** EXERCISE INSTRUCTIONS **
In the listing beneath this line, copy exactly the lines starting with the one containing "2019年たまプラーザ桜まつり(たまプラーザ桜フェスティバル)の屋台" and going on through the one containing "les points forts".

** RECORDS PROVIDED **
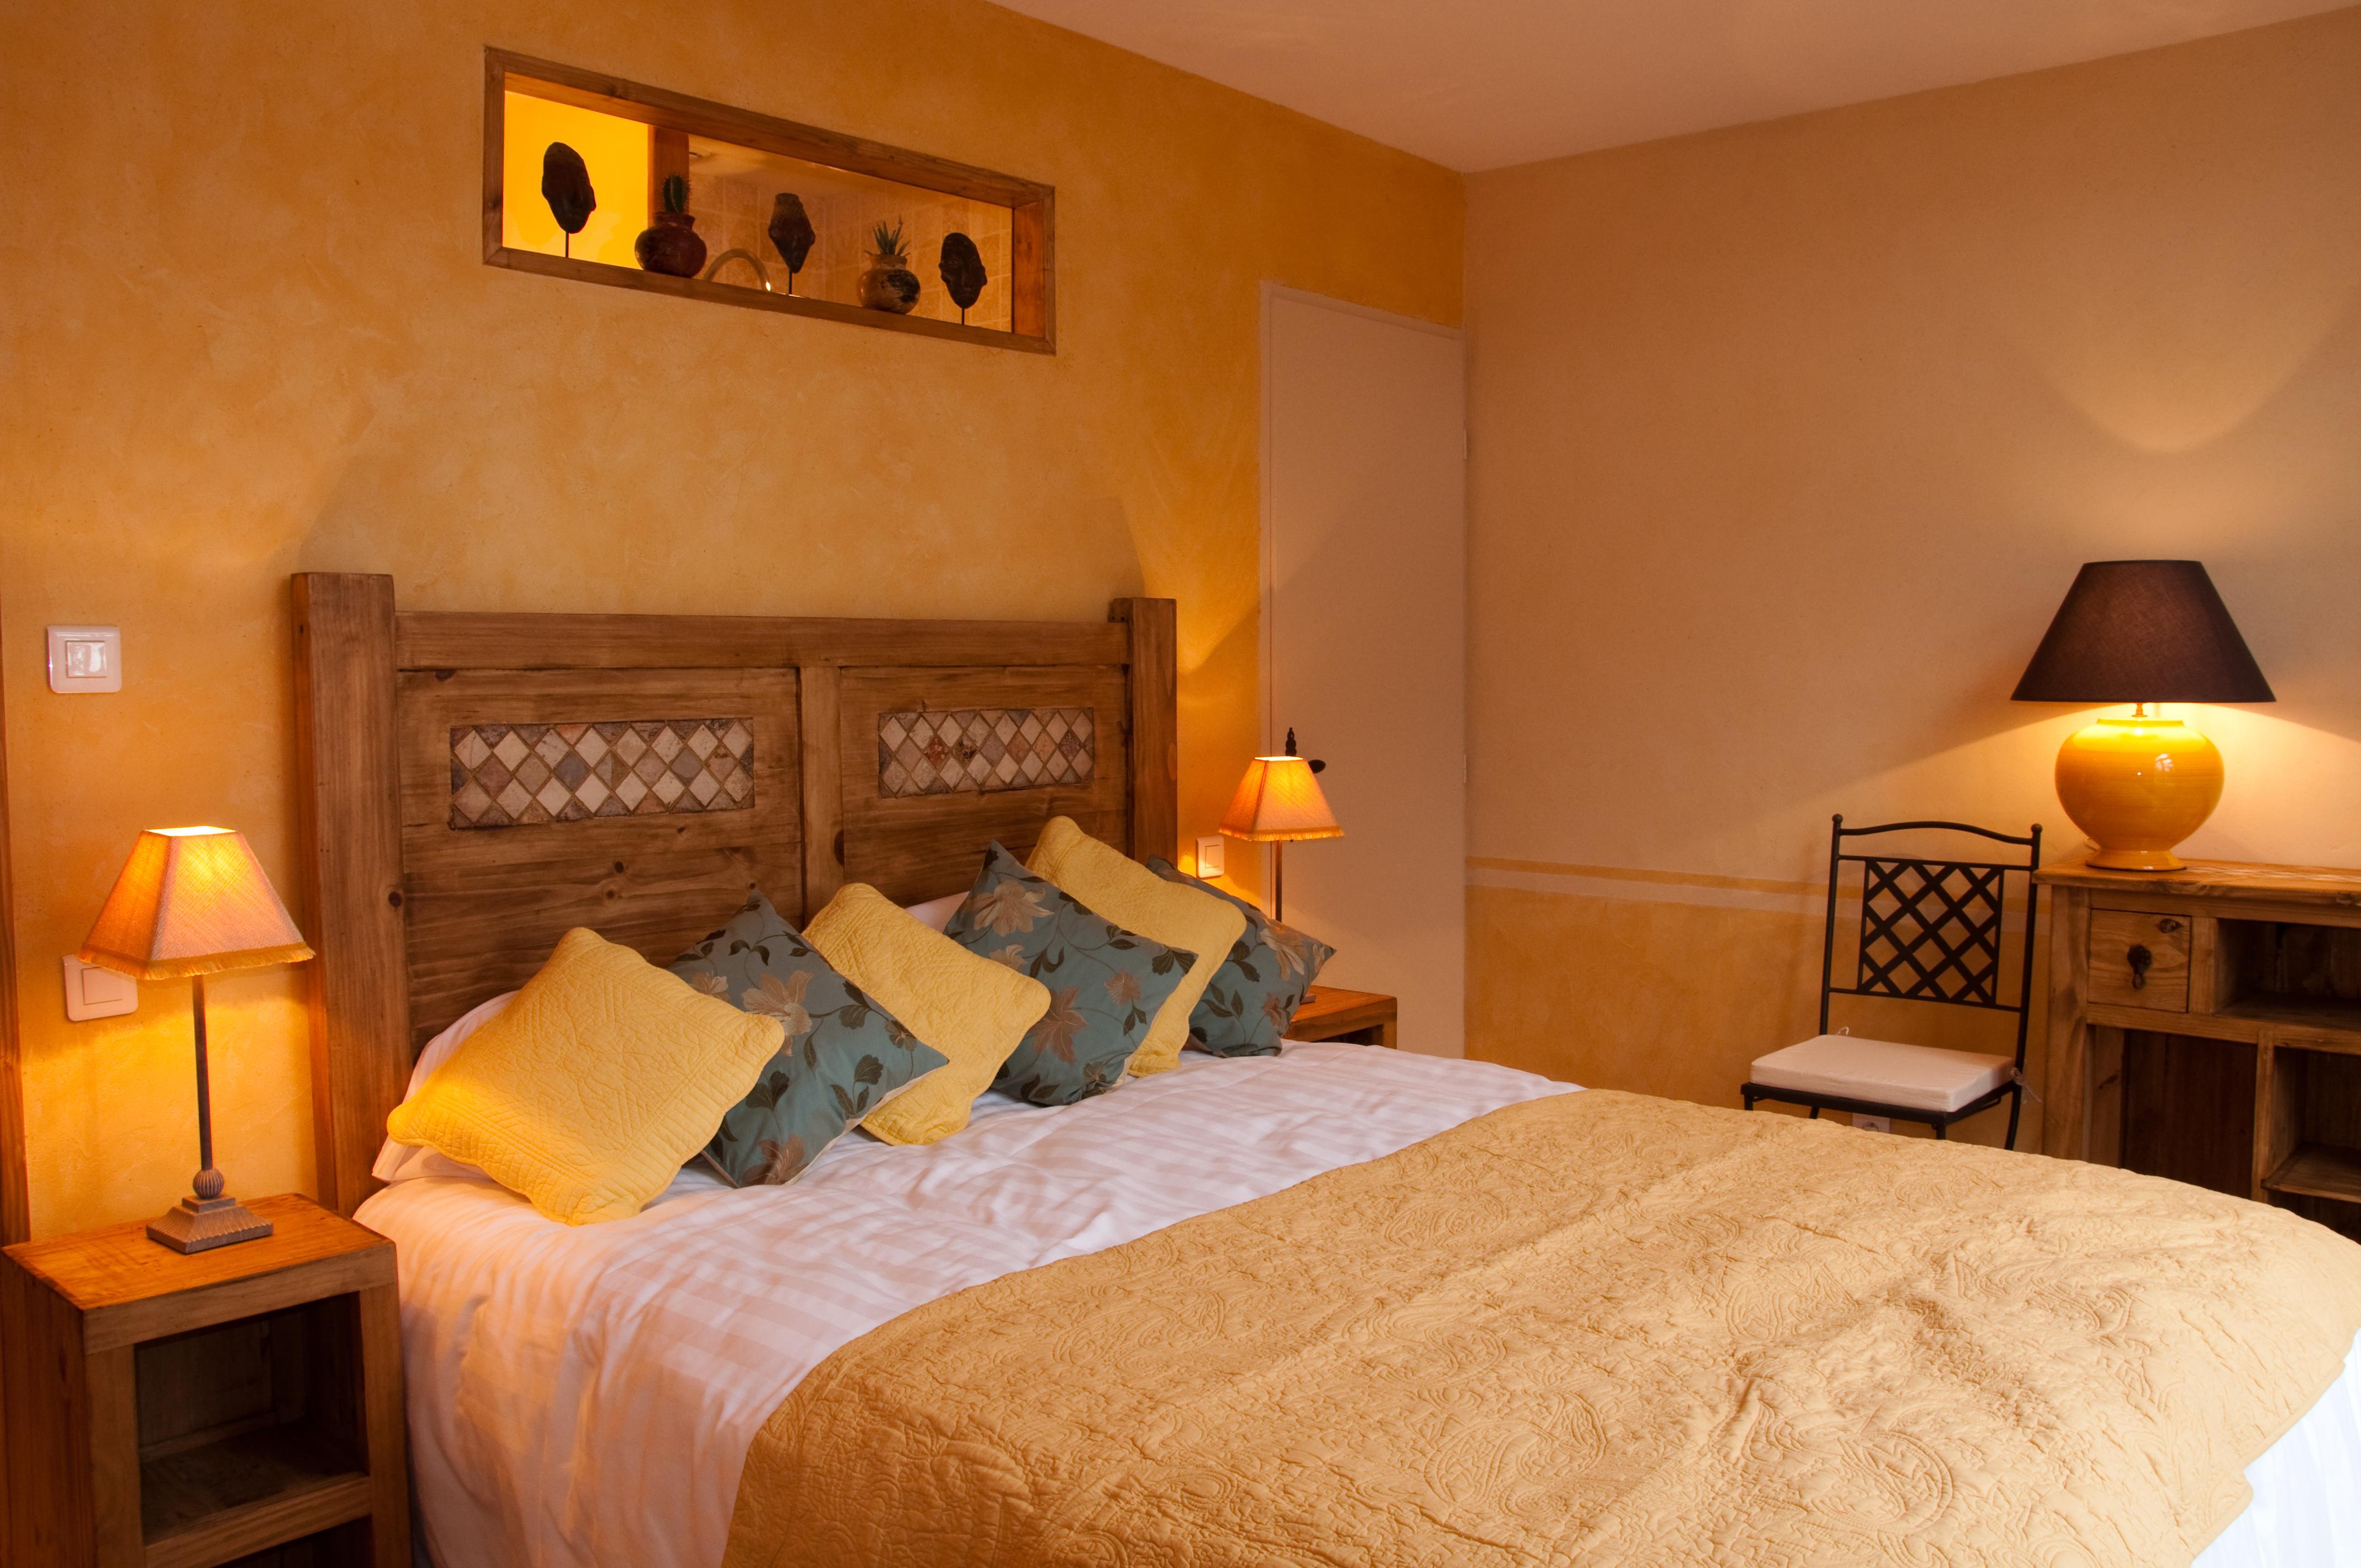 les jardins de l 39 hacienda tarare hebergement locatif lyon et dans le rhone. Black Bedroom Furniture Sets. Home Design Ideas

* * *

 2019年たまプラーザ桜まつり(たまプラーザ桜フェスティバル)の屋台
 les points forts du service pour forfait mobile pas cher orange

** TASK OUTPUT **
 2019年たまプラーザ桜まつり(たまプラーザ桜フェスティバル)の屋台
 les points forts du service pour forfait mobile pas cher orange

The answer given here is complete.